Robert Schillerstrom will formally announce Thursday his candidacy for re-election as DuPage County Board chairman and vowed to balance continued efforts to improve the area’s basic public works needs with protecting and bettering the county’s quality of life.
“I still have work to finish,” Schillerstrom said in a statement released by his campaign, adding that he, his County Board colleagues and supportive mayors and other elected officials “have formed a good team and a productive working relationship.”
Schillerstrom, 49, an attorney who lives in Naperville, is not expected to face significant opposition in his bid for a second term. County Republicans said they were unaware of plans to challenge him in the March primary, and most political observers doubt a Democratic challenger could defeat him in the general election.
Among the issues Schillerstrom said the county and his administration will face in the future is the continued push for western access to O’Hare International Airport to spur growth and to help relieve traffic congestion for the airport’s neighboring communities.
Also, traffic problems place added importance on identifying alternative methods to get people to work, he said.
Schillerstrom said he will continue to stress the need to preserve open land and keep rivers and streams clean, as well as provide a comprehensive trail system to display the county’s natural resources.
During his tenure as board chairman, Schillerstrom embarked upon a bond-funded infrastructure improvement program of nearly $245 million to pay for roadwork improvements, flood-prevention projects and a new annex to the county courthouse in Wheaton. Work has begun in some cases.
Schillerstrom also was able to win another $300 million from Gov. George Ryan’s Illinois FIRST public works program.
A former president of the Naperville Park District, Schillerstrom has embraced environmental movements in the county, playing a more active role than his predecessors in forest preserve matters and having close ties with the politically influential Conservation Foundation in Naperville.
He has nudged the Forest Preserve District to buy more open land as the last pieces of space in DuPage are developed.

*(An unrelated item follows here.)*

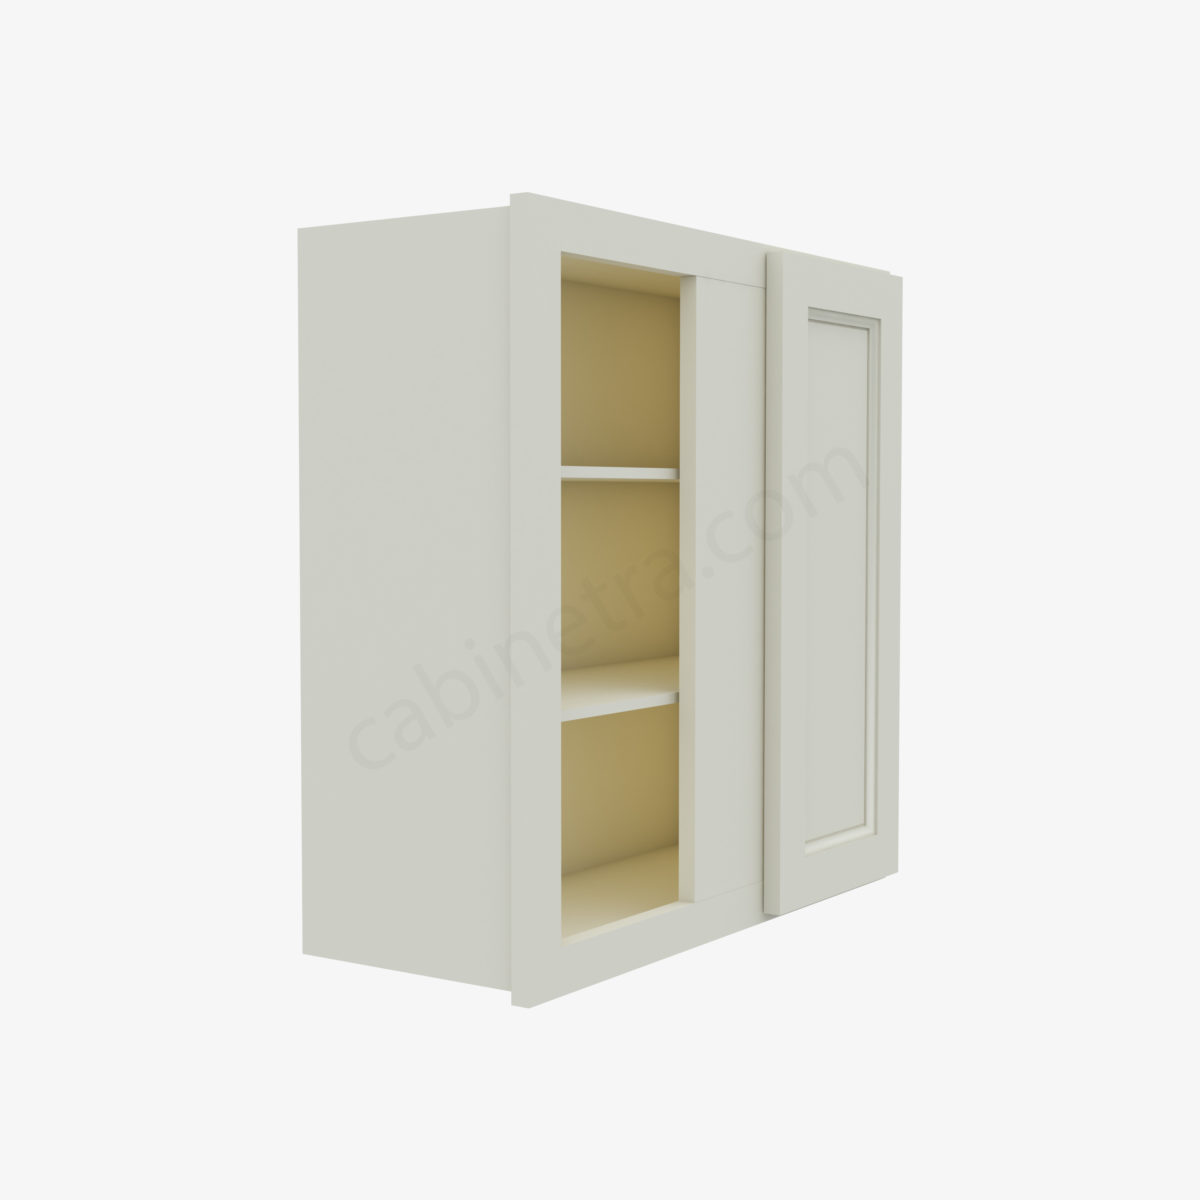 TQ WBLC30 33 3030 4 Forevermark Townplace Crema Cabinetra scaled

Schillerstrom has overseen three county budgets, including a proposed budget unveiled this week for the 2002 fiscal year, that have modestly lowered property taxes by $300,000 while building a new youth home, buying the Wood Dale-Itasca Reservoir and working on stormwater projects.
A former chairman of the Naperville Township Republican Organization, Schillerstrom had considered bids for statewide office, including the GOP nomination for secretary of state or attorney general.
He has more than $500,000 in campaign funds, including a $100,000 personal loan to his campaign.
But with Atty. Gen. Jim Ryan, a former DuPage County state’s attorney, seeking the Republican gubernatorial nomination and current State’s Atty. Joseph Birkett planning to seek the GOP nomination to replace Ryan as the state’s top law-enforcement officer, many leading Republicans were concerned that there were too many DuPage candidates.